= Johann Gottlieb Jackschon =

Australian cricket scorer

Johann Gottlieb Jackschon (23 January 1846 – 10 July 1931) was an Australian cricket scorer. He served as scorer for the New South Wales cricket team at various times over a period of around 40 years. On several occasions, he took the innovative step of making a separate memorandum recording the number of balls faced and runs scored by each batsman off each bowler, unlike scoring in a conventional scorebook but similar to the modern linear system of scoring.

Jackschon was born in Maust, in Teichland north of Cottbus, Spree-Neiße, Prussia (now in eastern Germany). He emigrated to Australia with his parents and two older sisters, arriving in Sydney in August 1852 on the brig Reiherstieg. The family settled in Grafton, about 600 km north of Sydney. One of his sisters later married a police constable Henry Bassman; the other married Joseph Kempnich, who ran a sugar mill.

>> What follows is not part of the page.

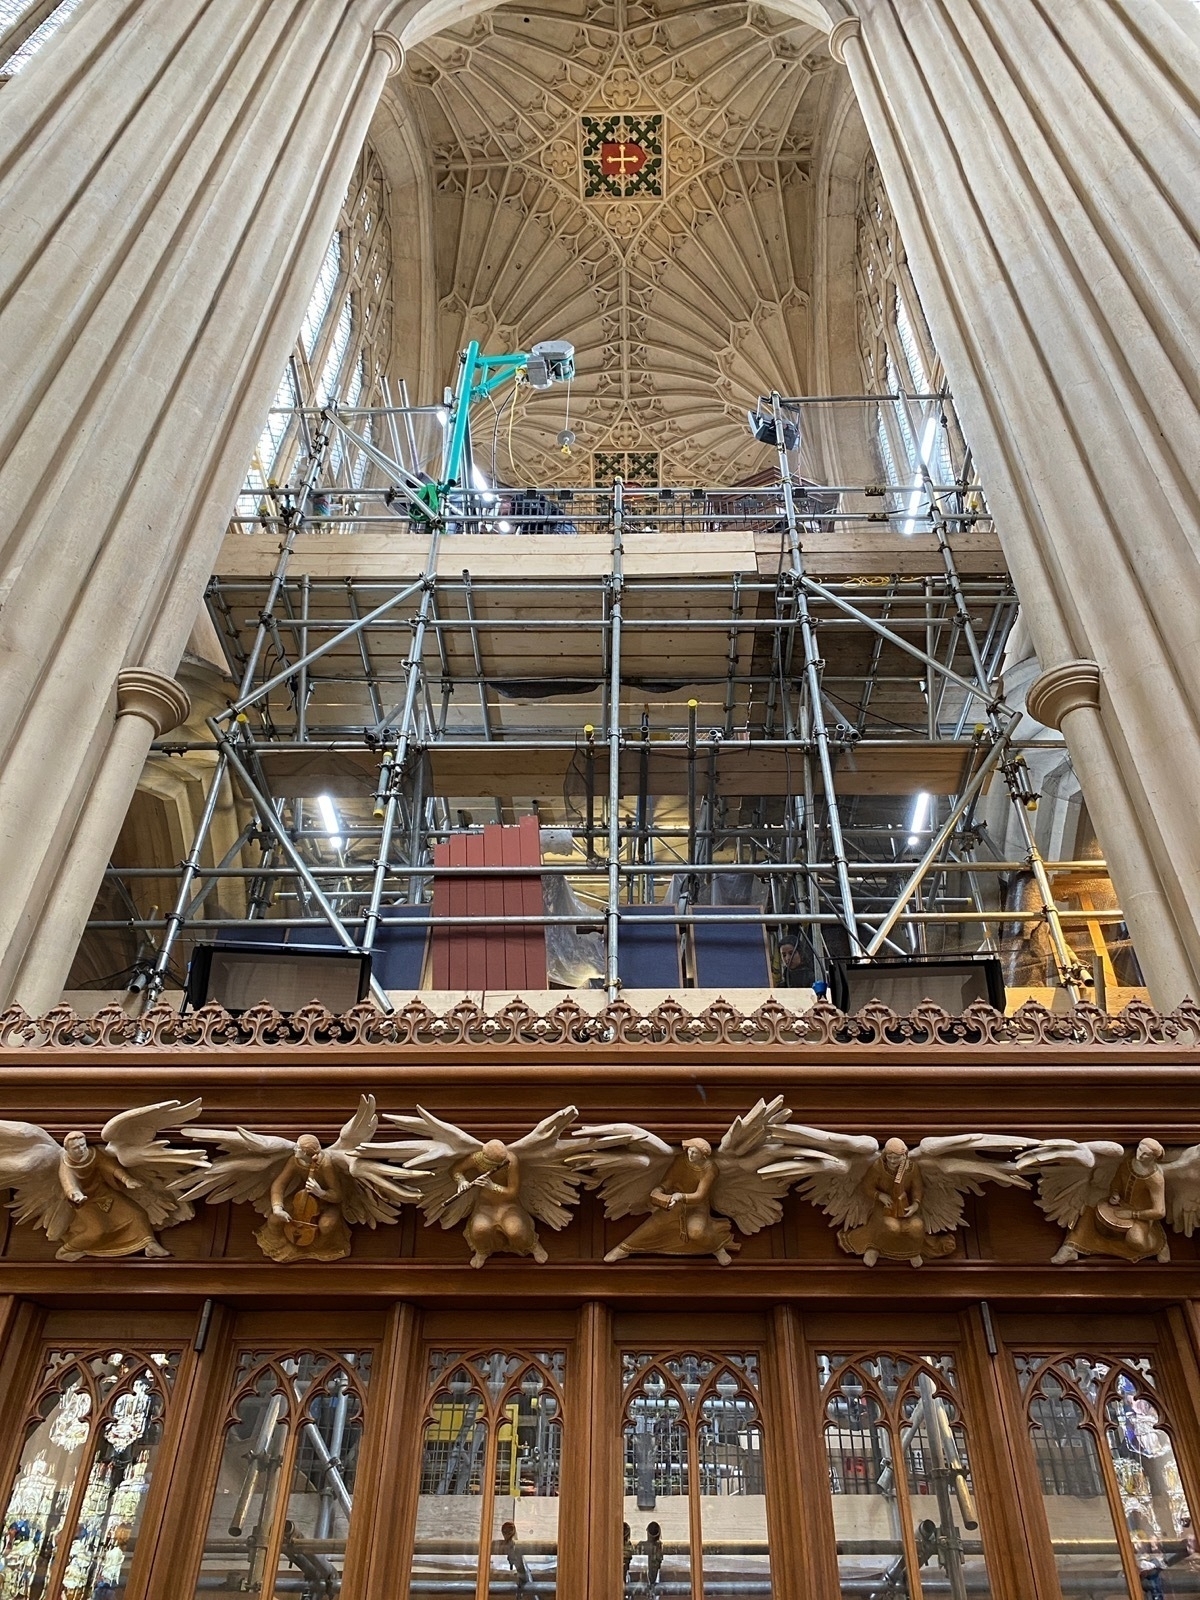 Scaffolding in a vaulted church ceiling

In his earlier years, Jackschon played cricket as wicketkeeper for teams in Warwick and Albert, playing his first match at Yamba. He was honorary scorer for the New South Wales cricket team from around 1886 until around 1893, when he moved back to Grafton. He had an orange orchard at Carr's Creek, and he became secretary of the Grafton District cricket association. His father died in Grafton in 1897.

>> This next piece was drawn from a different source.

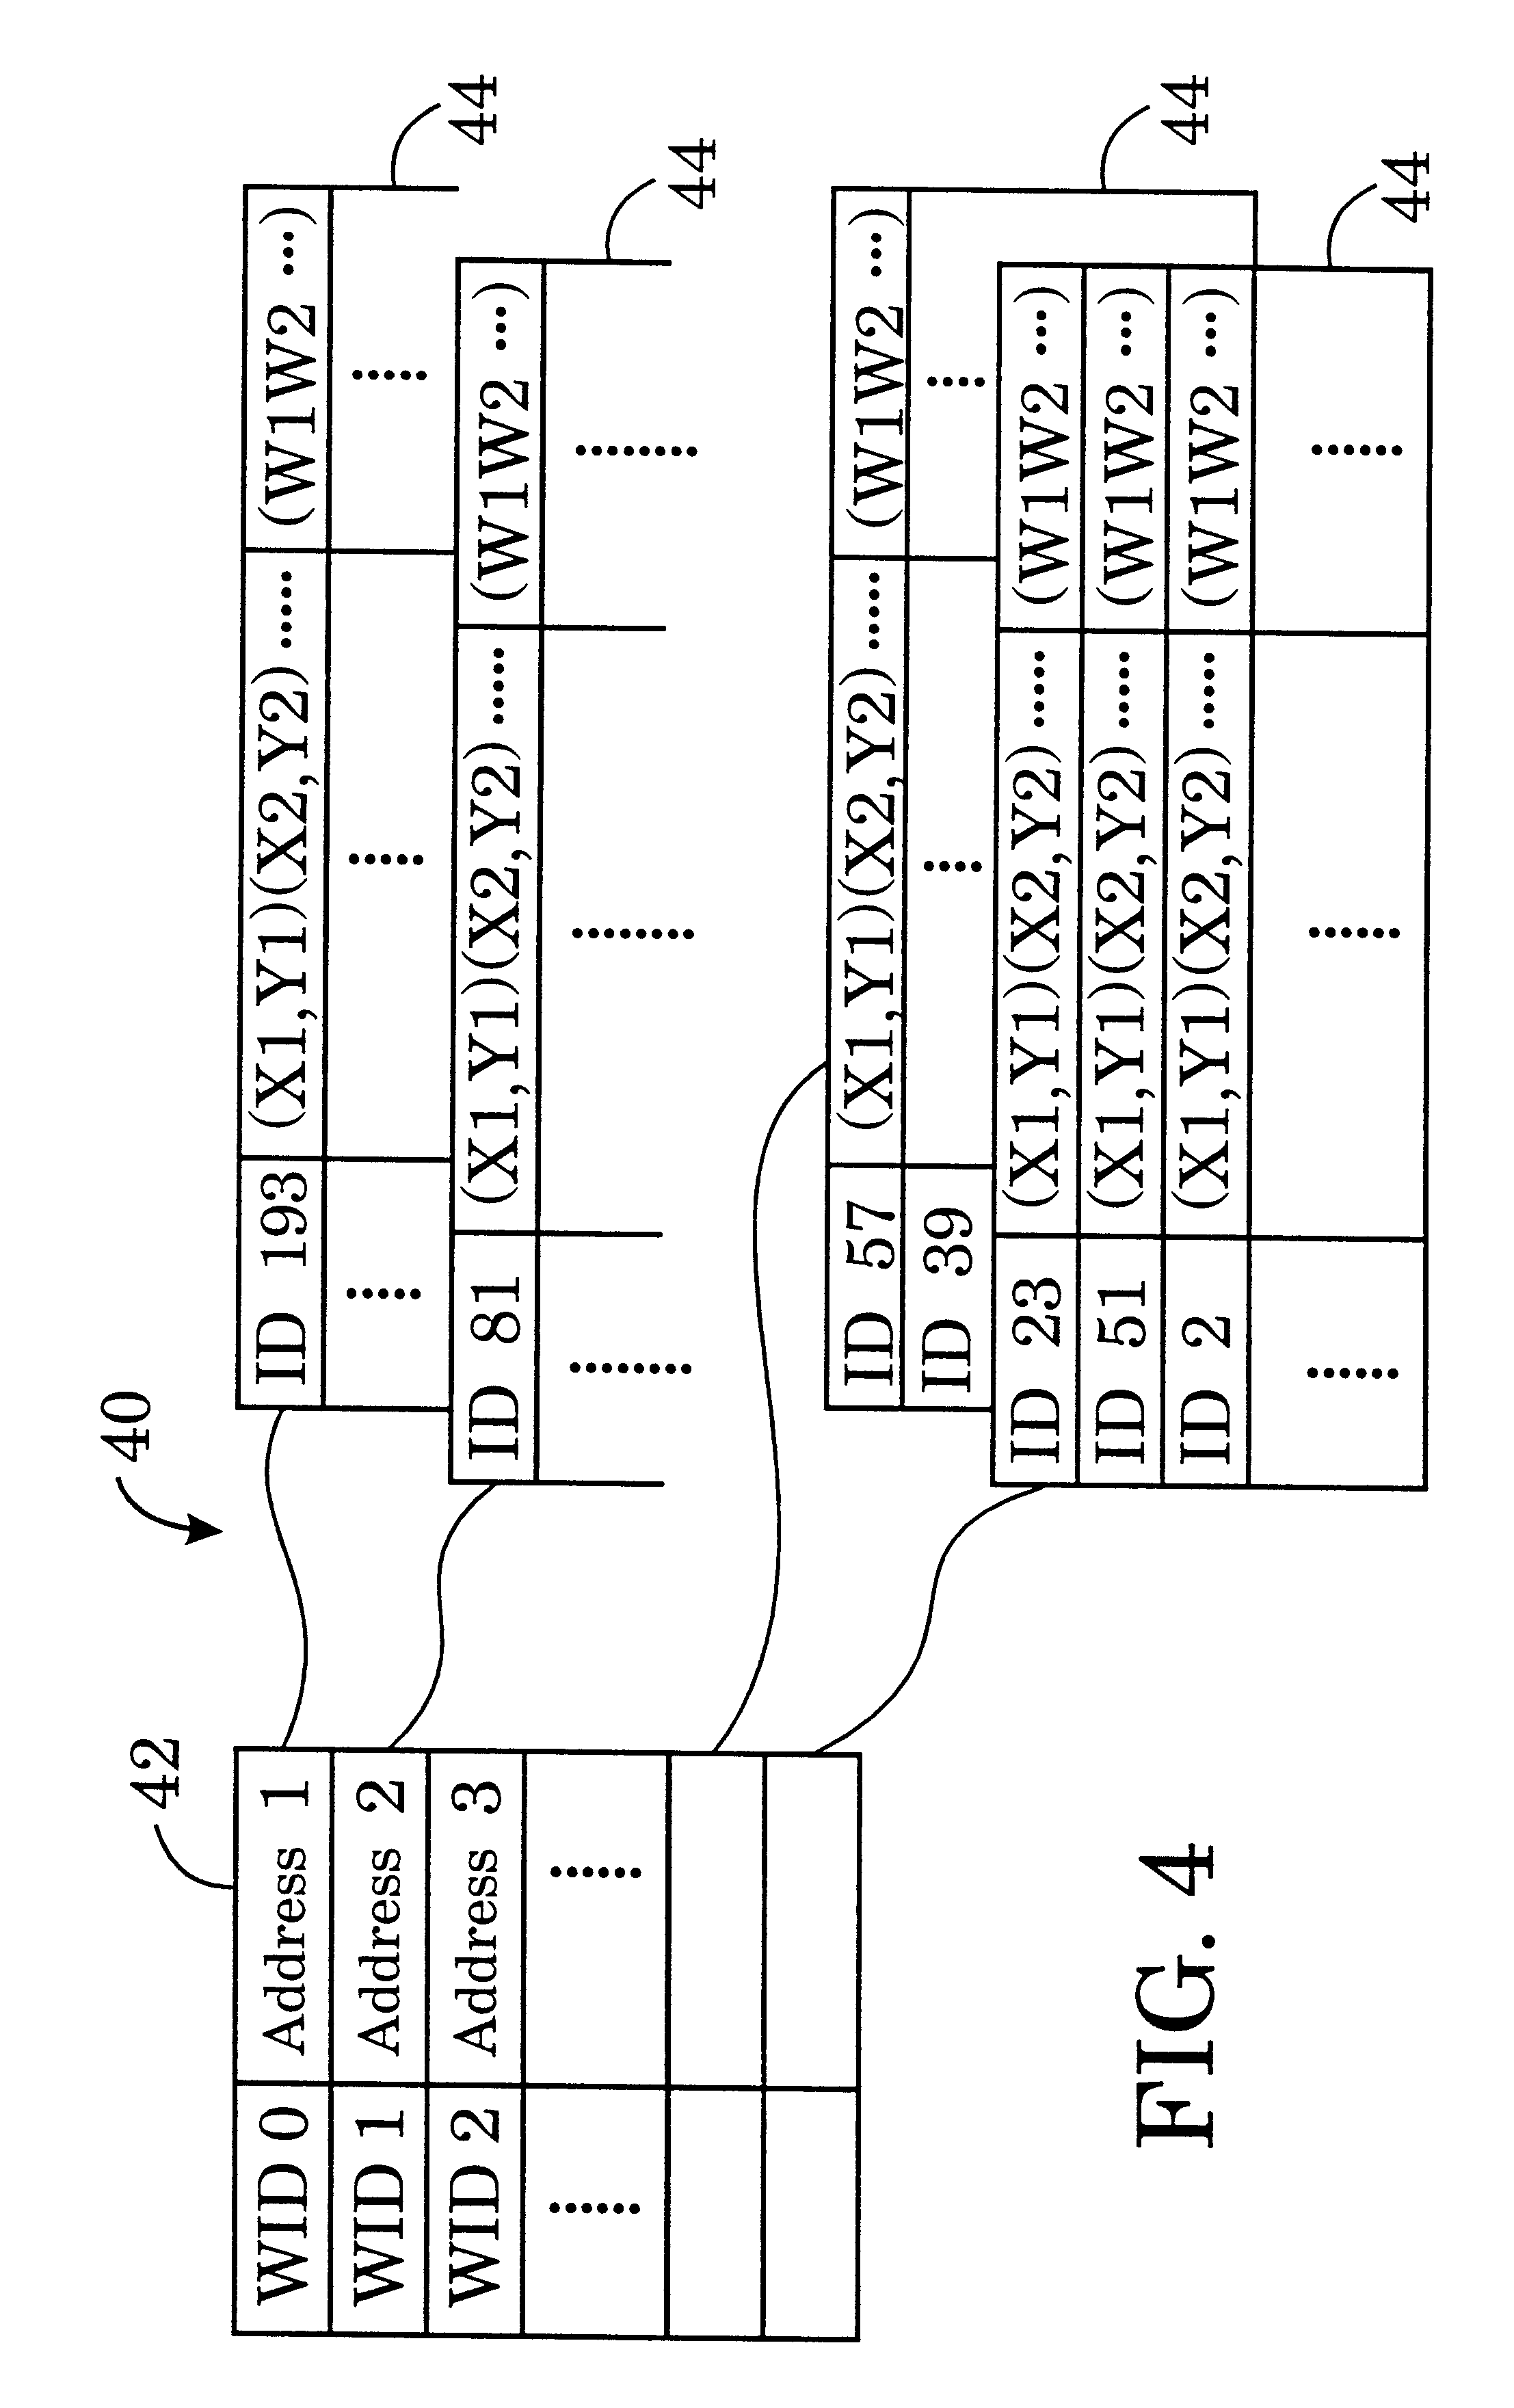 Structural graph display system

He continued to return to Sydney to score important cricket matches, including Test matches. Lord Sheffield gave Jackschon a gold medal for scoring in matches played by an English touring team captained by WG Grace that Sheffield organised in 1891-2. A report in The Referee of the Jubilee match played between New South Wales and Victoria in 1906 mentioned that Jackschon had compiled a table of balls faced and runs scored by each batsman off each bowler, in a similar manner to the modern linear system of scoring used in the 1890s by John Atkinson Pendlington, and developed Bill Ferguson and Bill Frindall.

After Jackschon moved back to Sydney in November 1904, he lived for some time in Mosman on the North Shore, and then moved to the Eastern Suburbs to be closer to the Sydney Cricket Ground . He underwent an operation for appendicitis in December 1911. He resumed his role as honorary scorer for New South Wales and then as official scorer from 1913. Affectionately nicknamed "the Professor" and occasionally "Jacko", "General" or "Daddy", he regularly occupied a seat in "Veterans Corner" in the Sydney Cricket Ground's pavilion, near the visitors dressing room, attending cricket or rugby matches for around 30 years.

He is often referred to by his initials, J.G., and his first name is sometimes Anglicised as John. In some sources, his surname is given as Jackscohn or occasionally Jackson. The year of his birth is confused in some sources. He was reported to have celebrated his 74th birthday in January 1924, when he was probably 78, and was said to be variously 84 or 86 at his death in Bondi in July 1931, when he was probably 85. He was associated with the Manchester Unity of Oddfellows for many years. After a funeral at St. Clement's Church in Mosman, he was buried in the Northern Suburbs cemetery. He was survived by his widow, Sarah, and a sister, Mrs Kempnich.